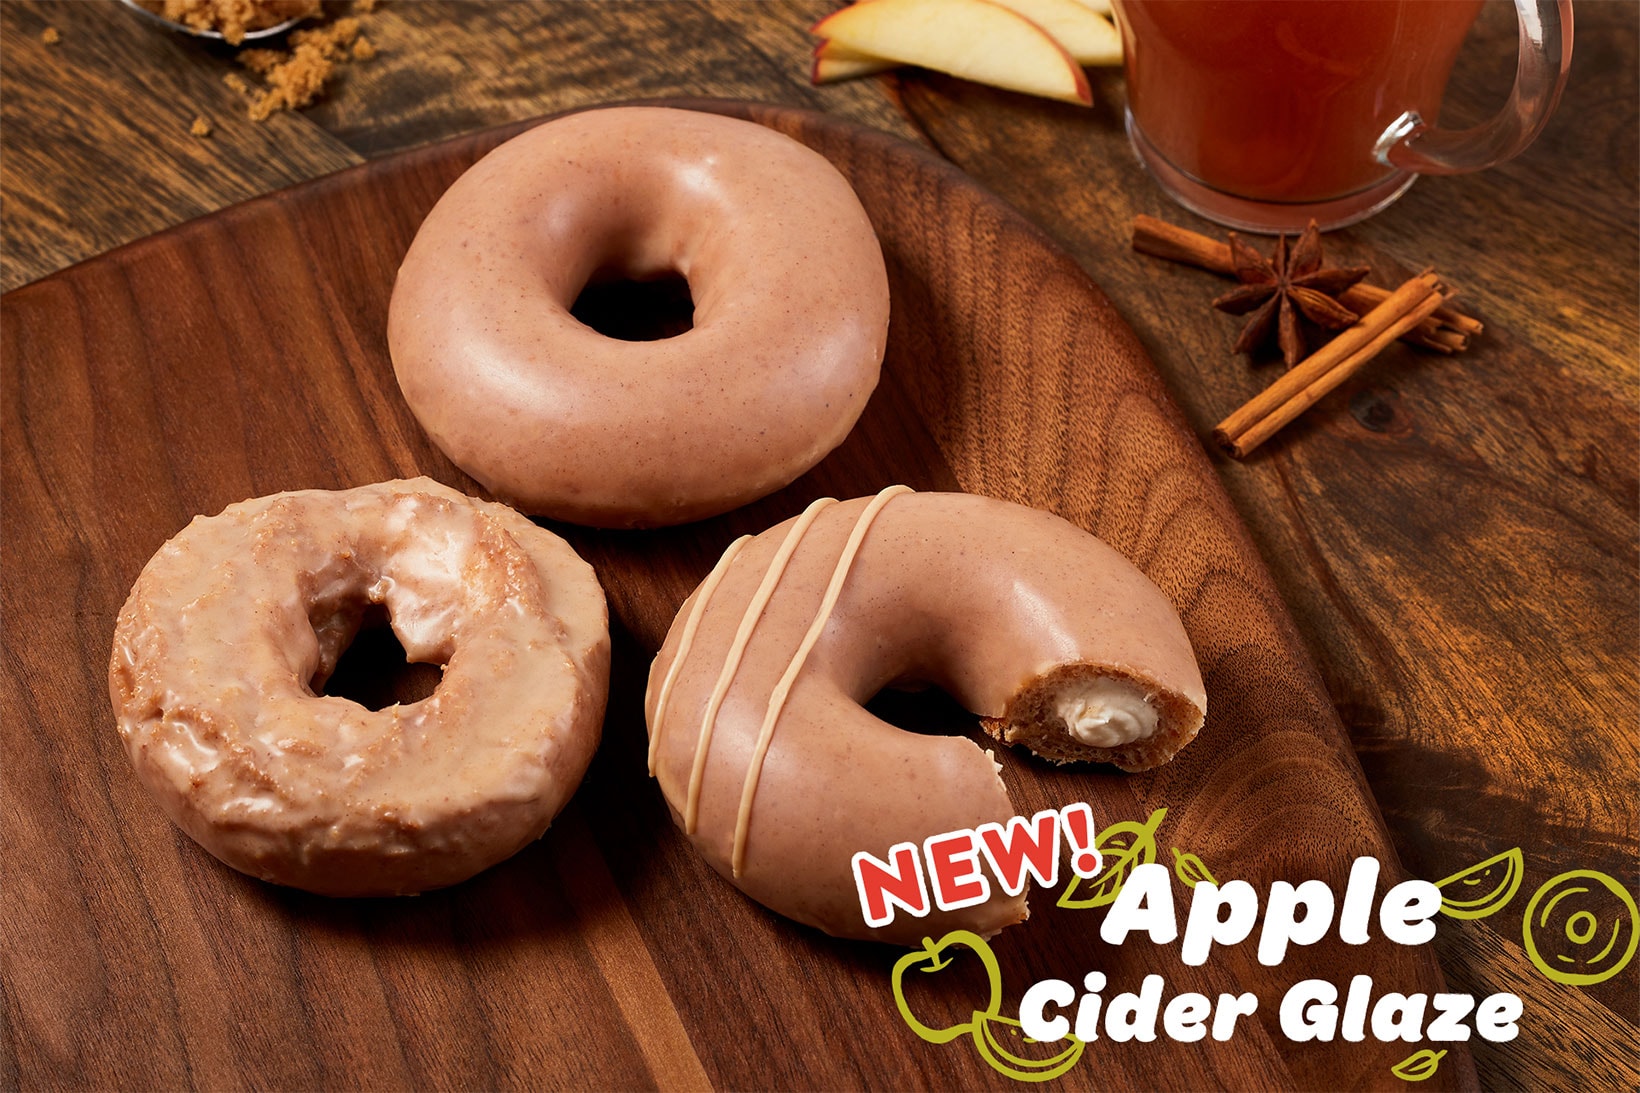 krispy kreme donuts fall for glaze apple cider
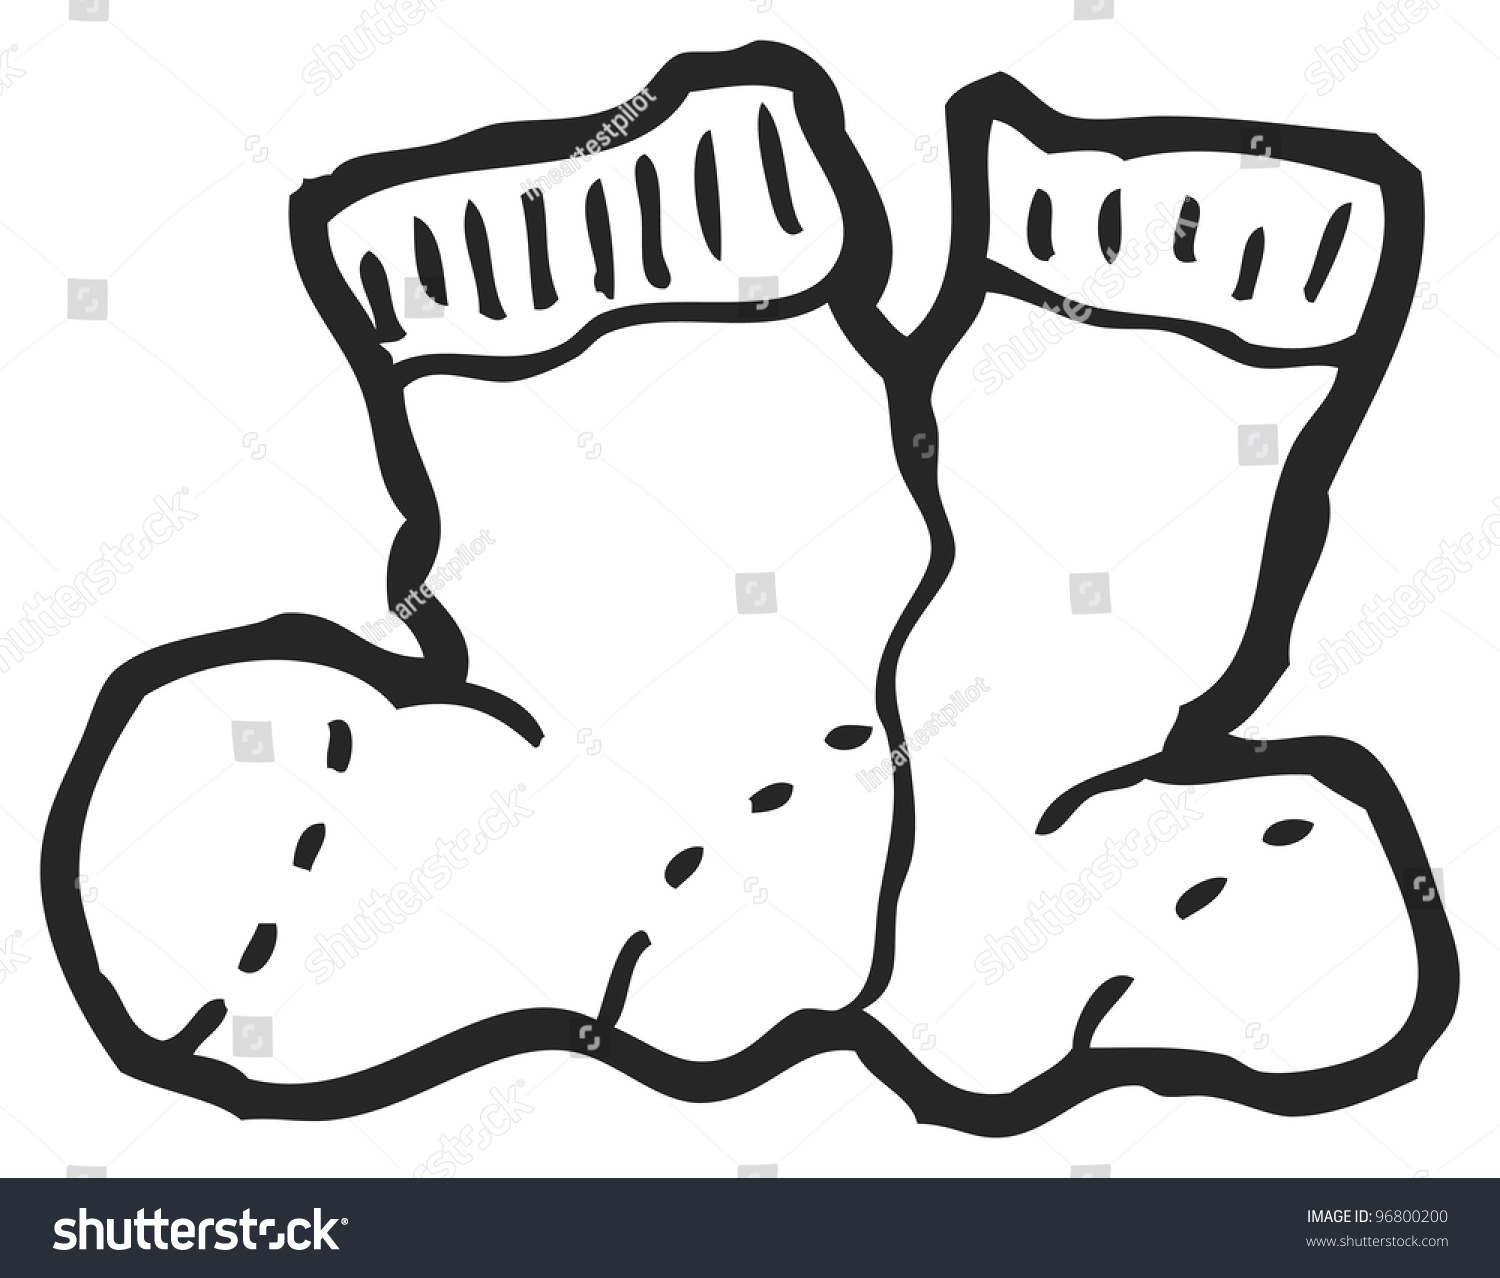 Cartoon Socks Stock Photo 96800200 : Shutterstock
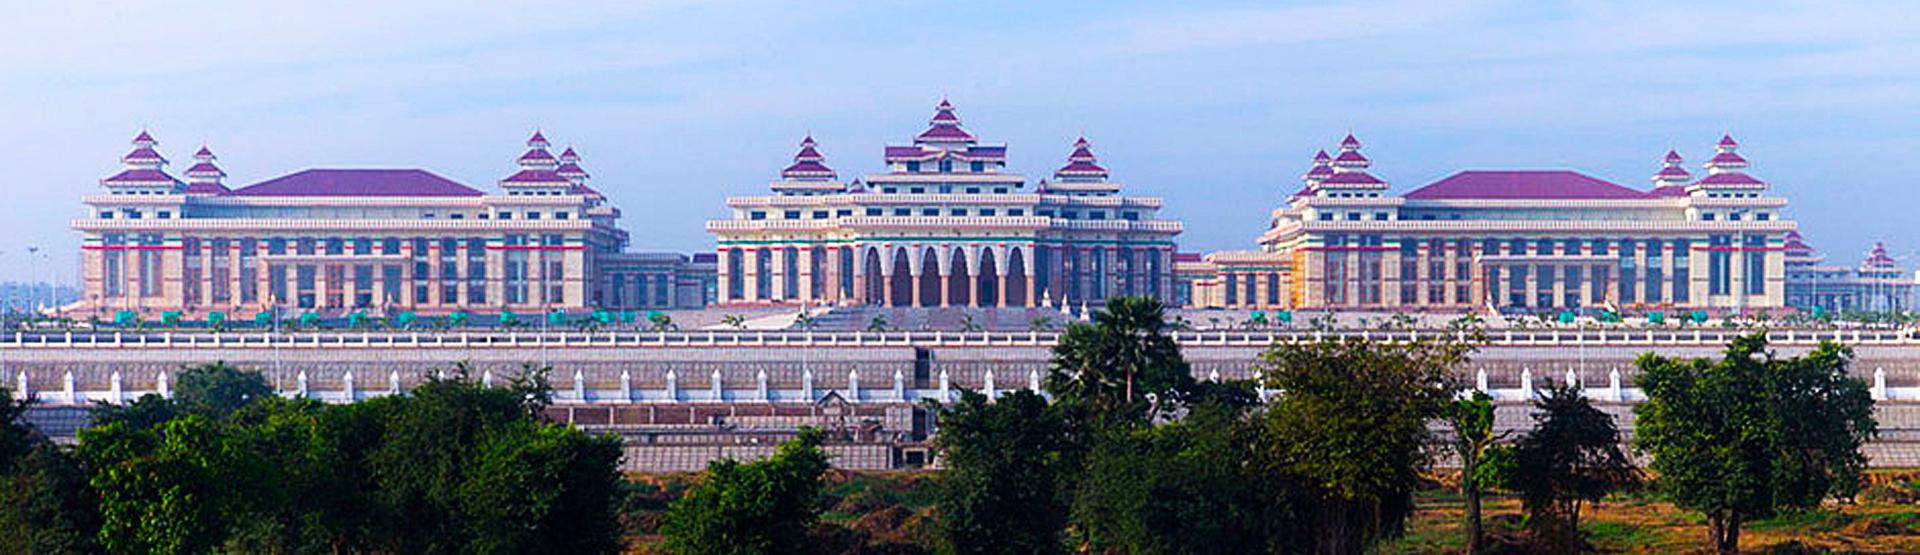 Le monumental Parlement birman dans la capitale Naypyidaw.
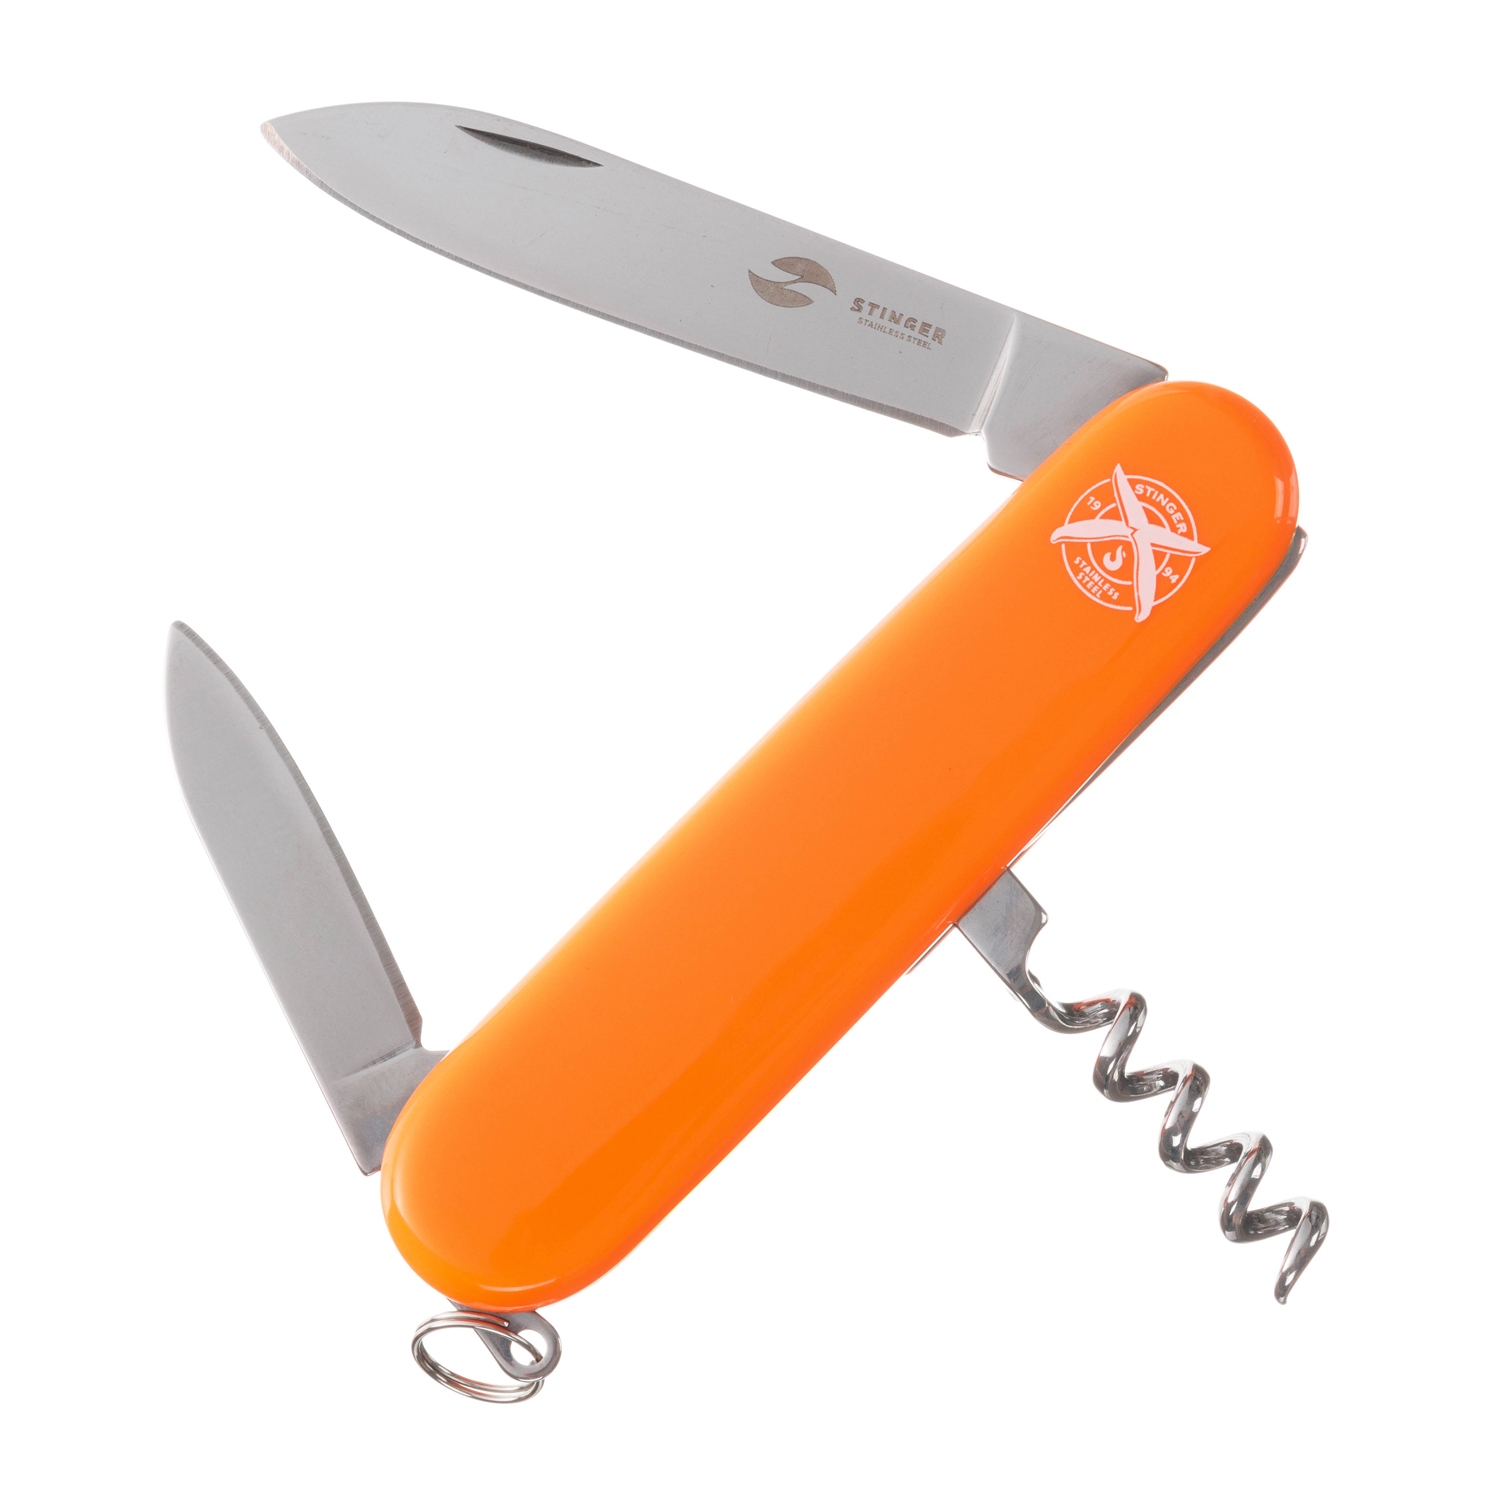 Нож перочинный Stinger, 90 мм, 4 функции, материал рукояти: АБС-пластик (оранжевый), оранжевый, пластик

Problem details: Text only, please: give the listing again word for word with no images.

Your response:
 krispy kreme donuts fall for glaze apple cider
 Cartoon Socks Stock Photo 96800200 : Shutterstock
 Le monumental Parlement birman dans la capitale Naypyidaw.
 Нож перочинный Stinger, 90 мм, 4 функции, материал рукояти: АБС-пластик (оранжевый), оранжевый, пластик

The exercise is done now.